----- Dataset content

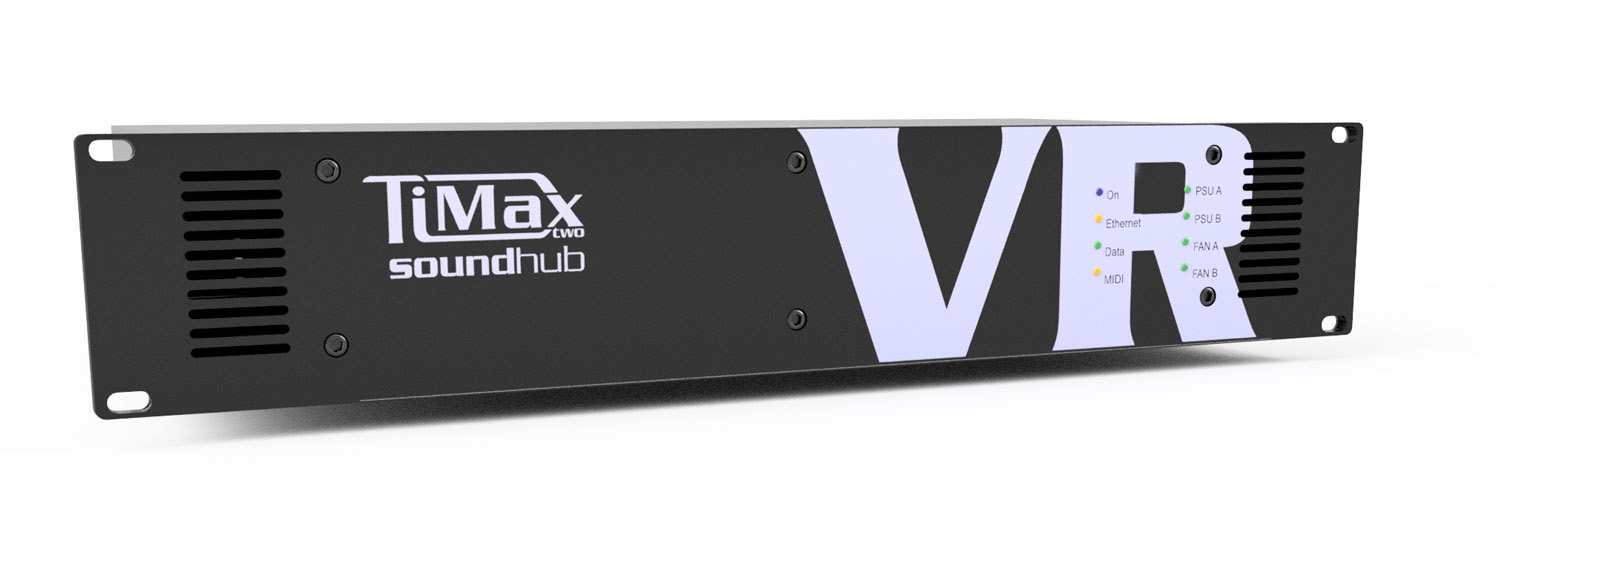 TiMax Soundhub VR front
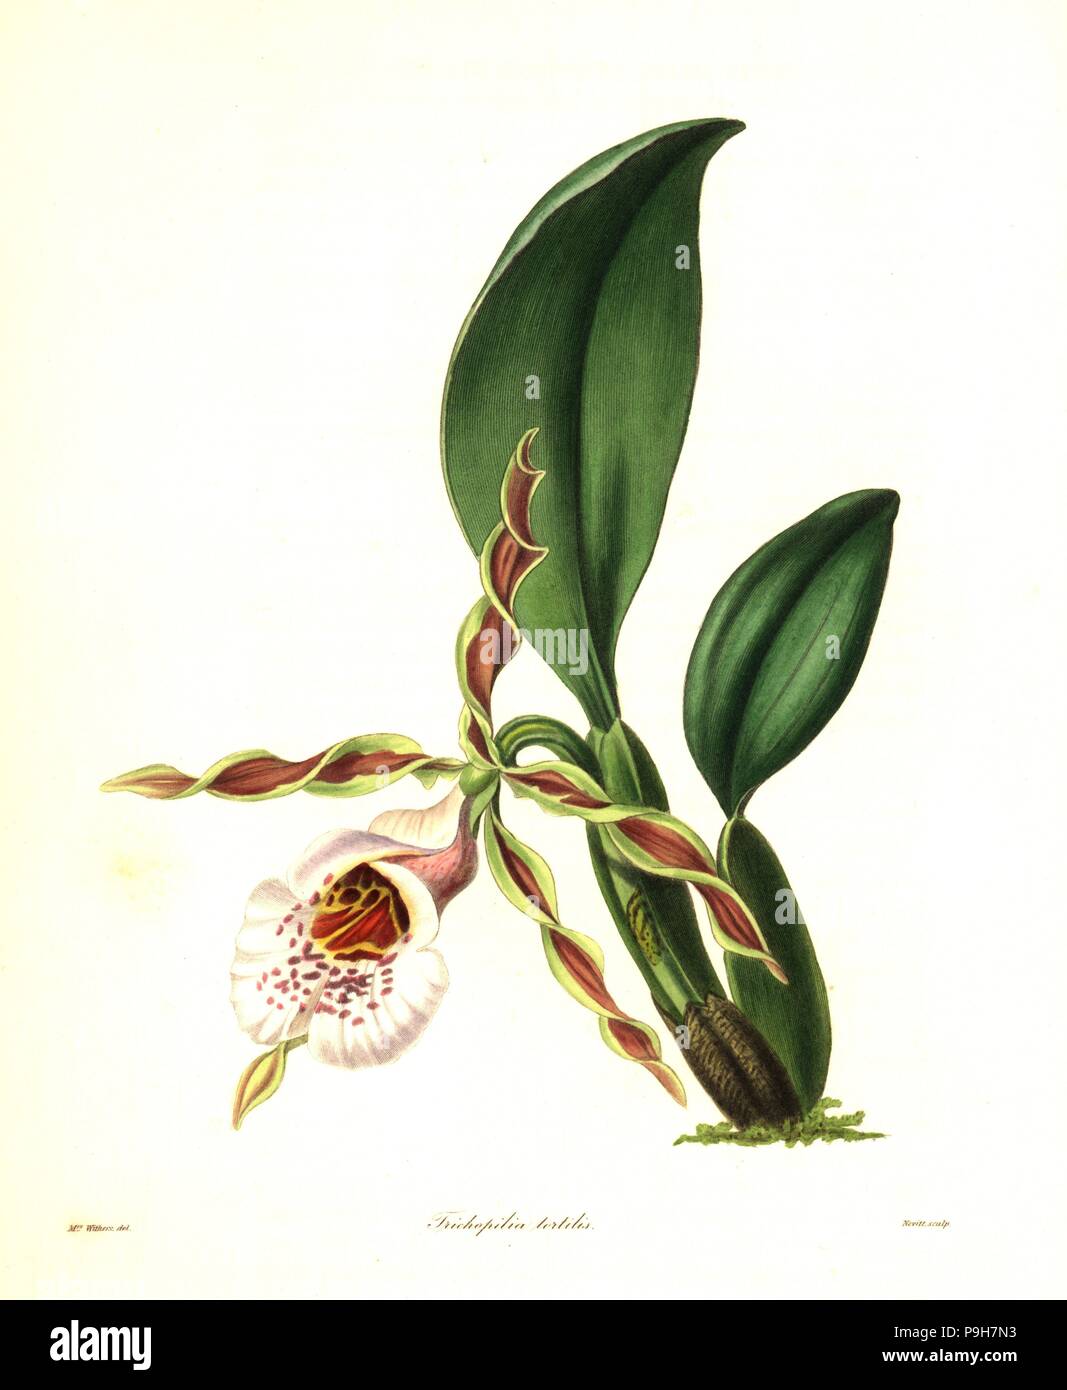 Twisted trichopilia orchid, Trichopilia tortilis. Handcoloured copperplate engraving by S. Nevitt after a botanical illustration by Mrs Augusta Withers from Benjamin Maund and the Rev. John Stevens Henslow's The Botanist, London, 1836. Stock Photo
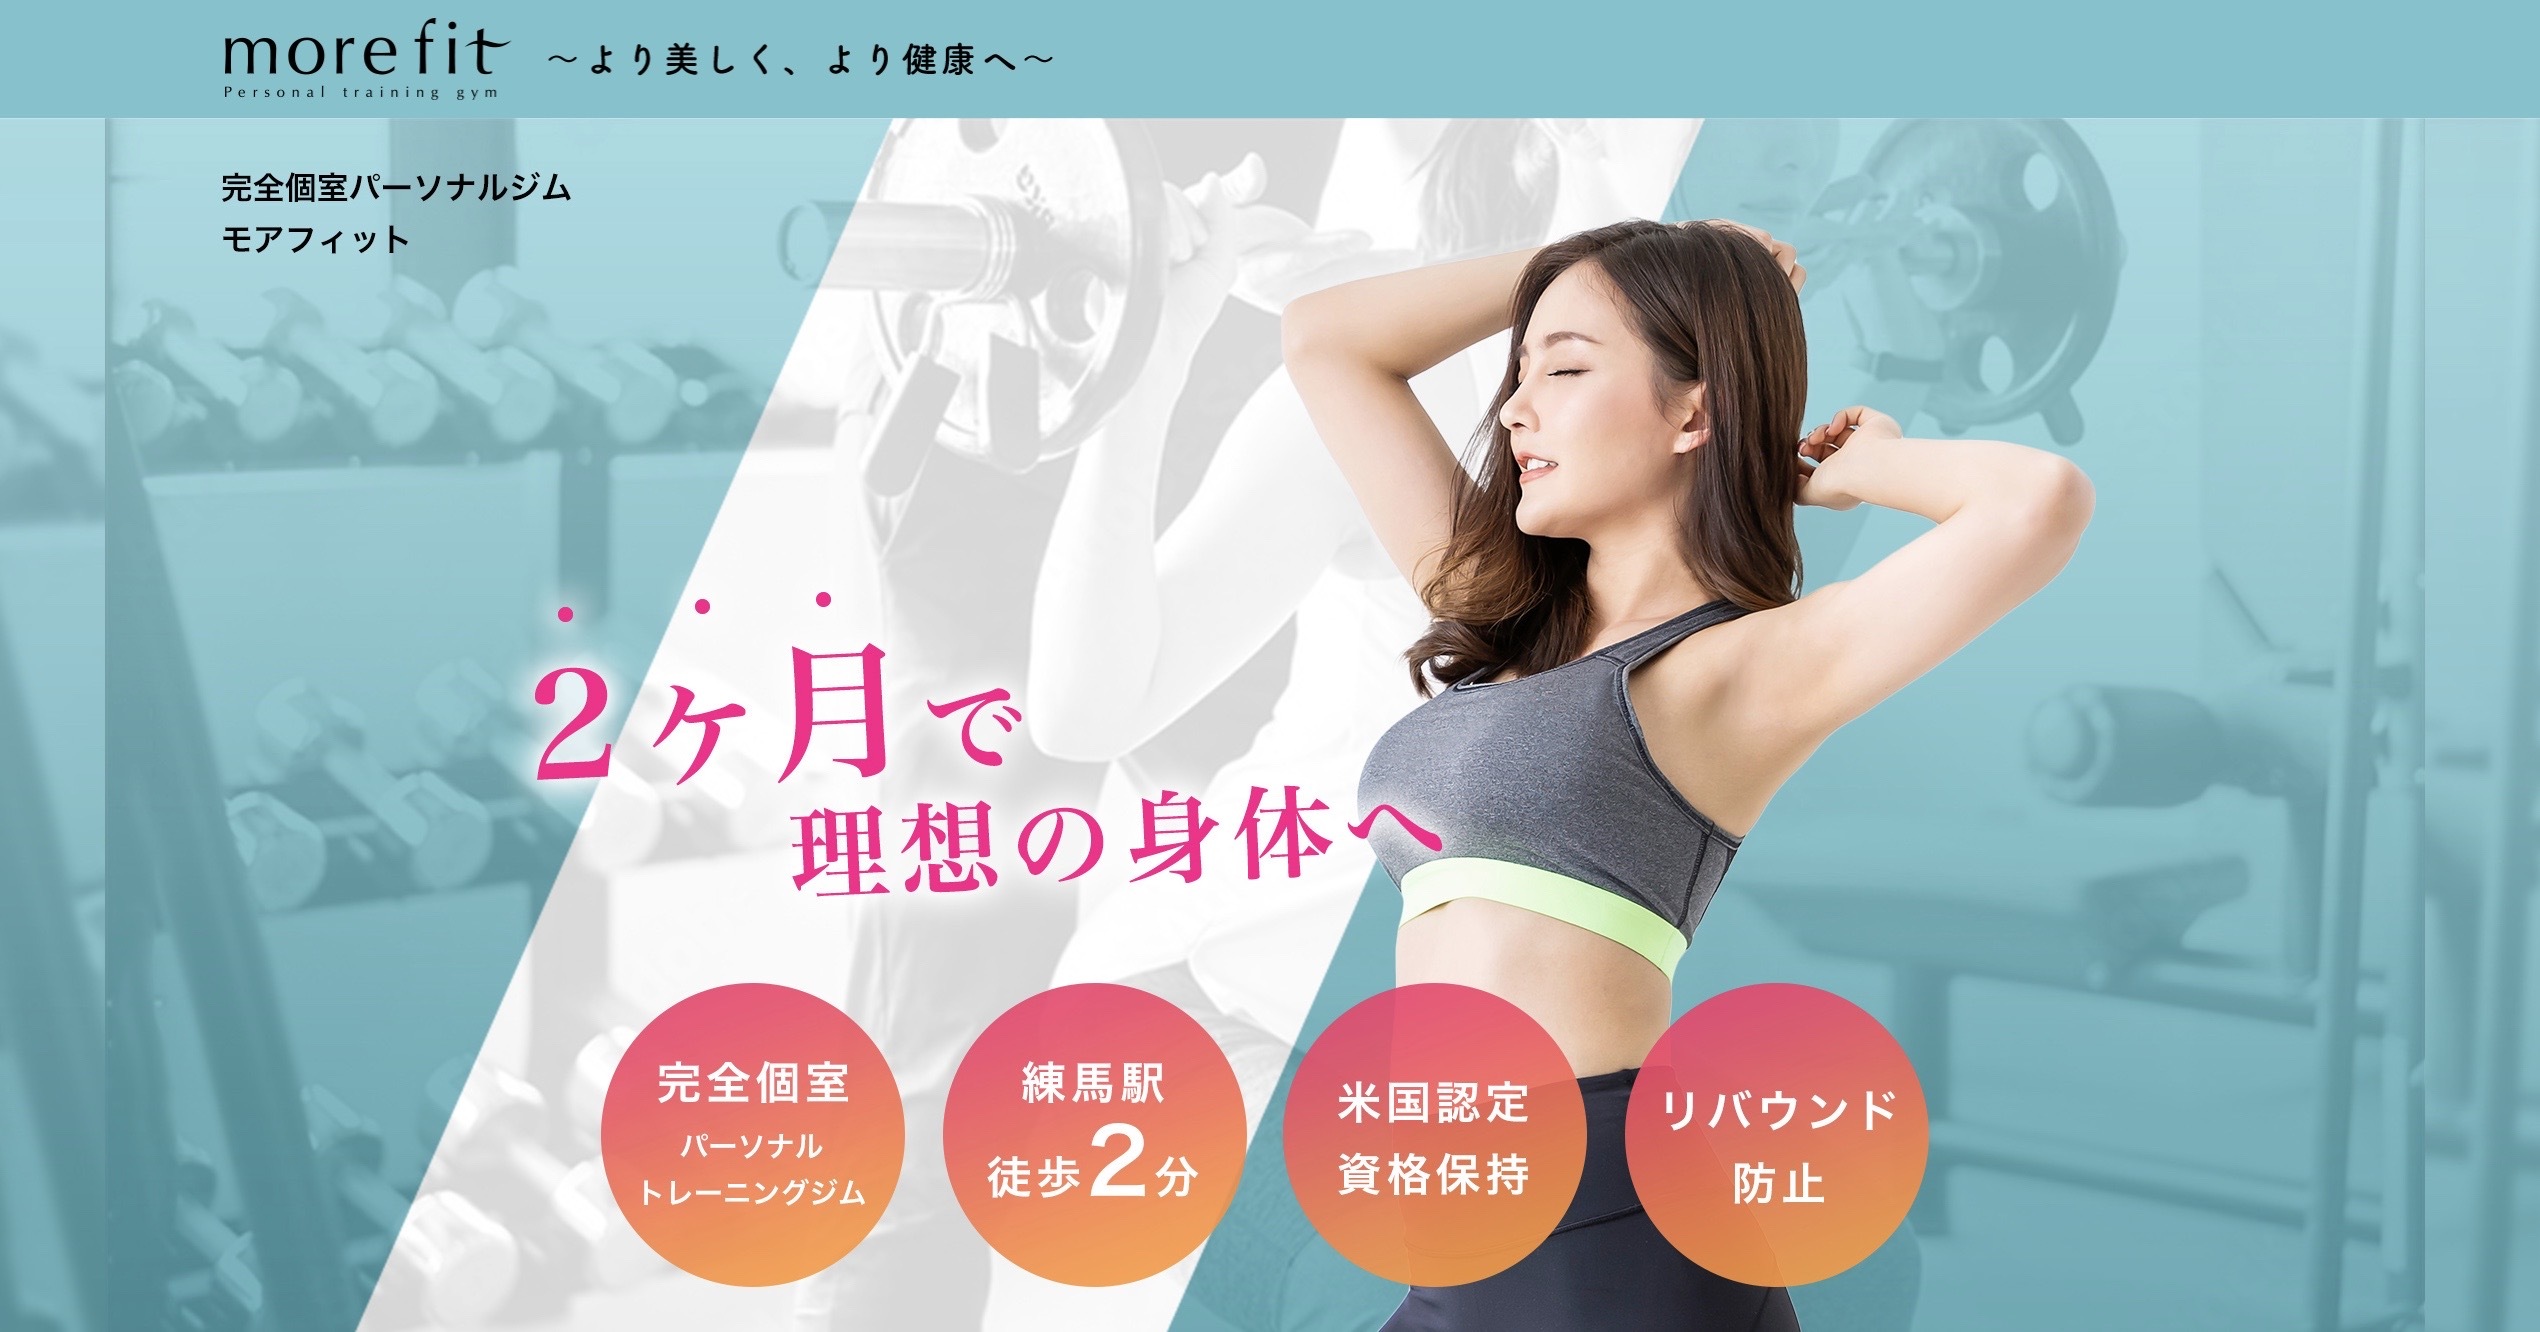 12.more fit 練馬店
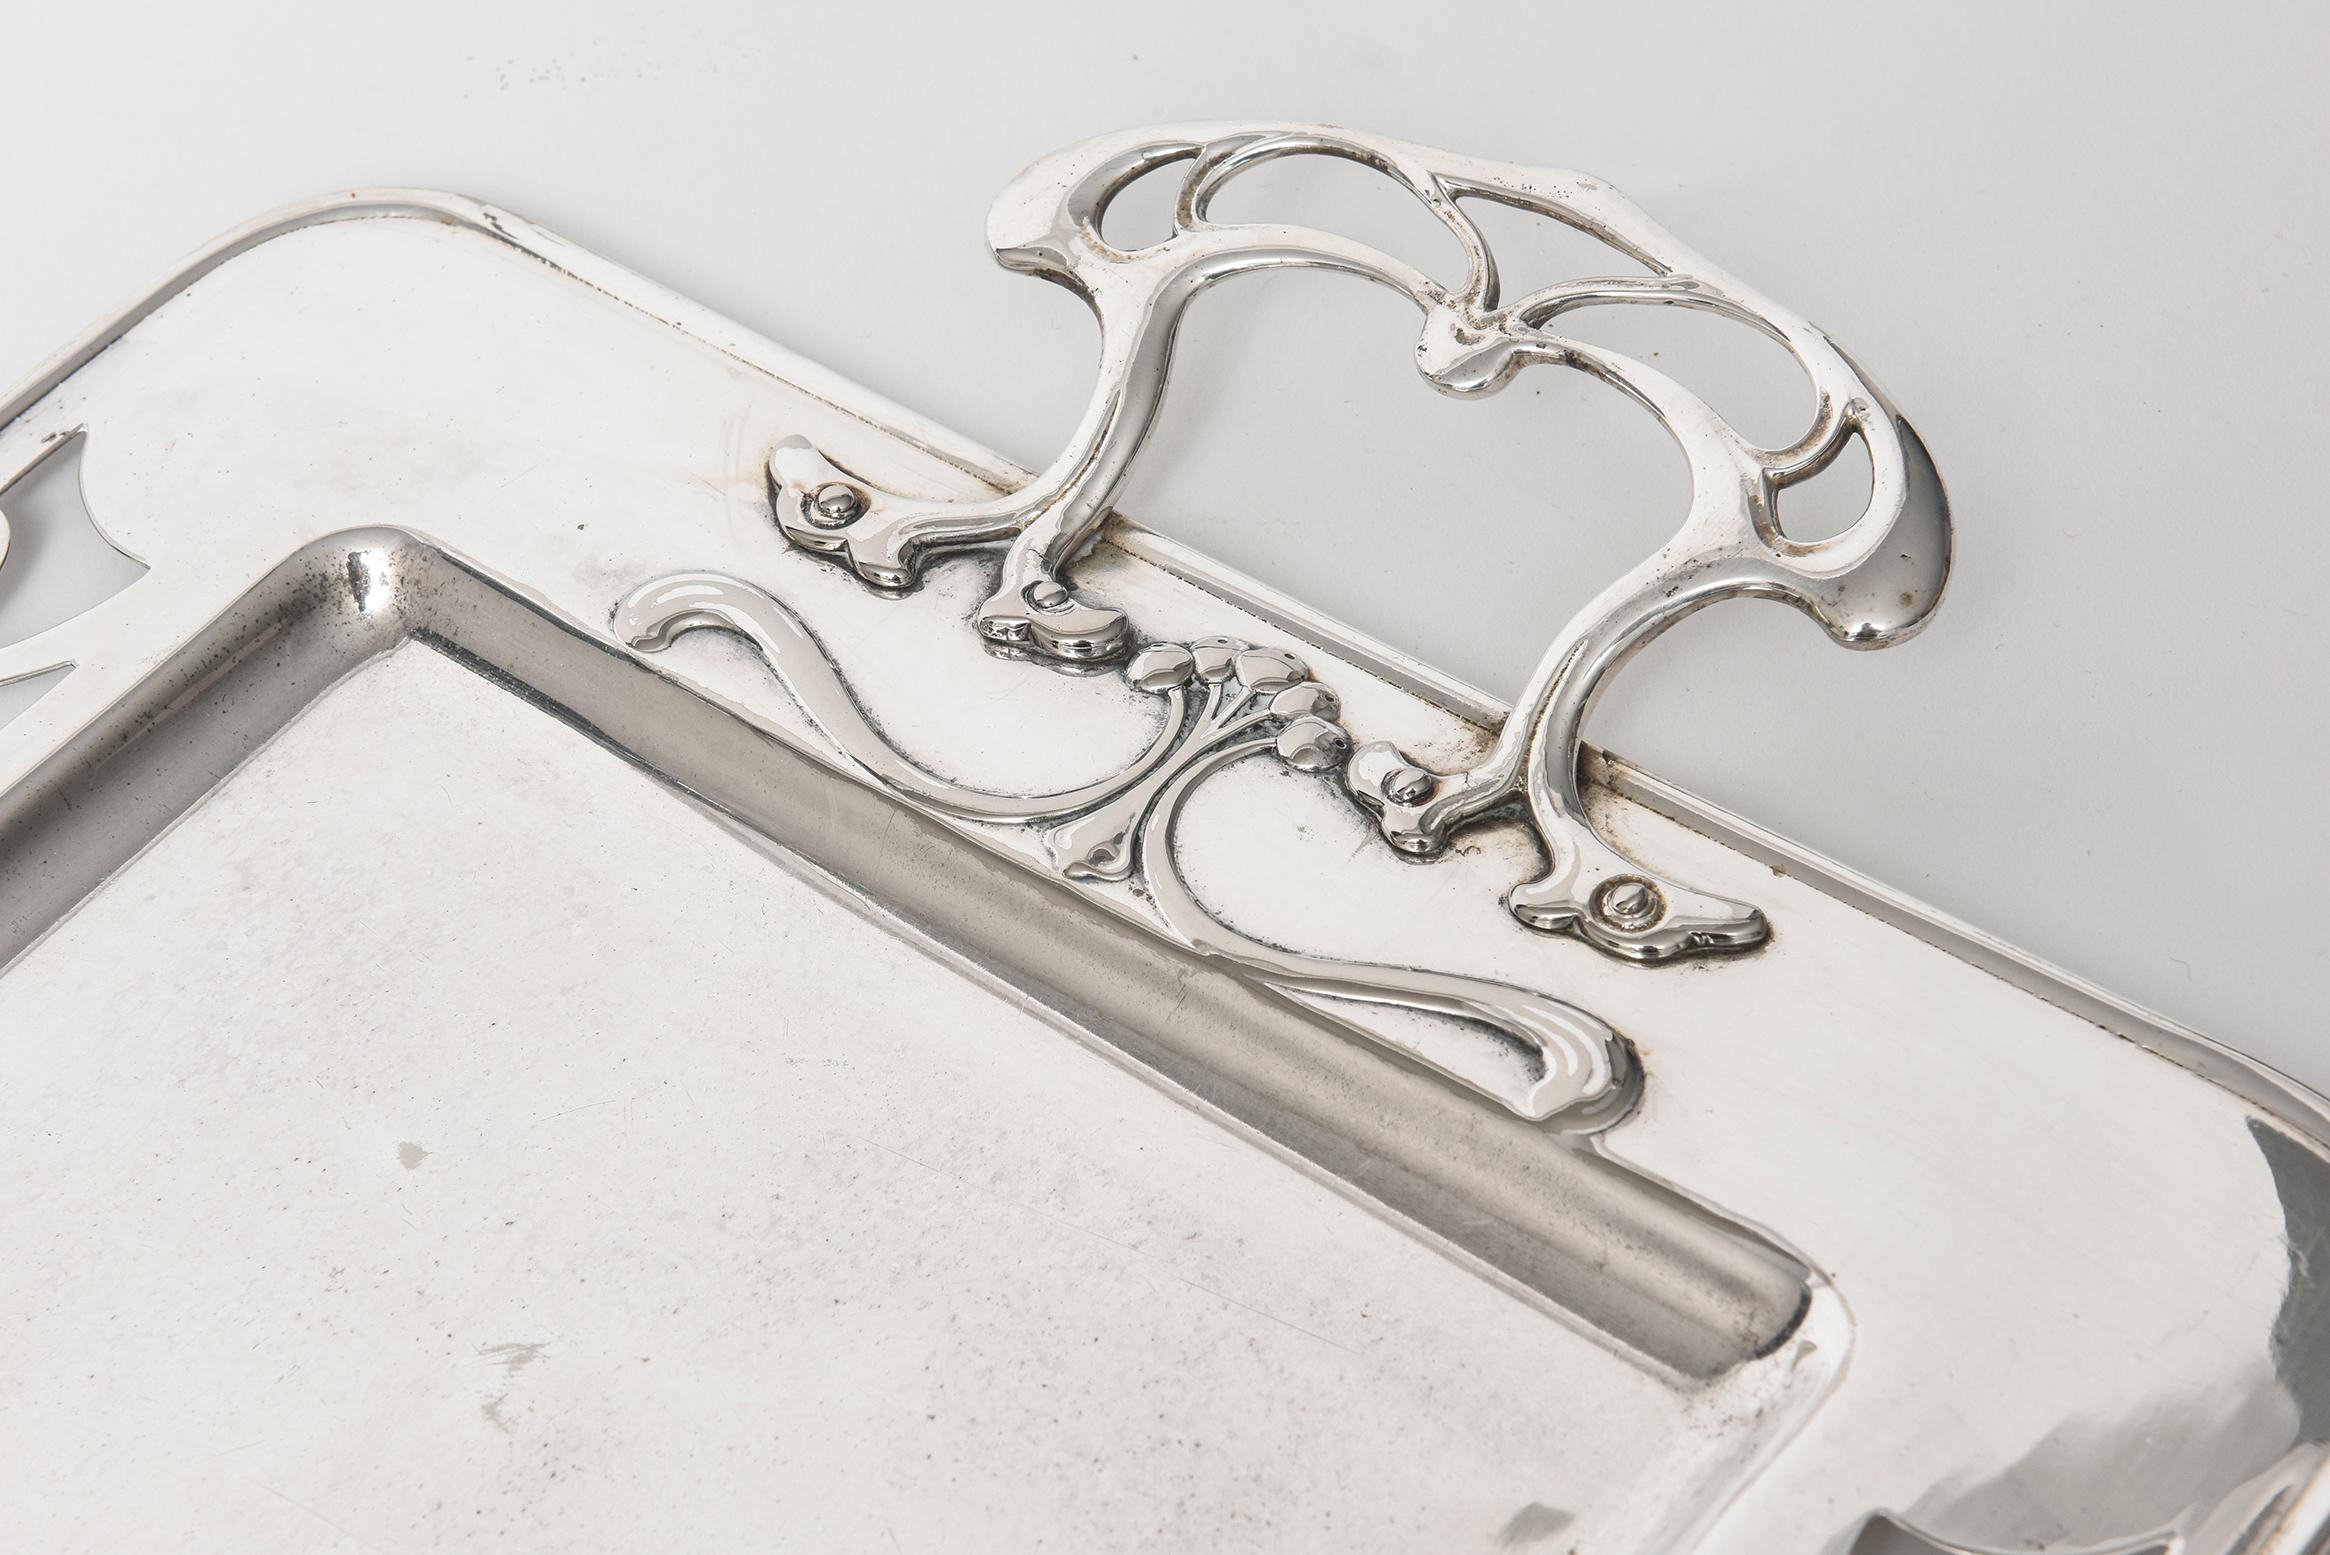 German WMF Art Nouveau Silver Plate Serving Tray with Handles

----------

Exercise requirements
From the line containing "12.more fit 練馬店" down to the last line of the data above, transcribe exactly those lines and no others; omit the pictures.

Task answer
 12.more fit 練馬店
 German WMF Art Nouveau Silver Plate Serving Tray with Handles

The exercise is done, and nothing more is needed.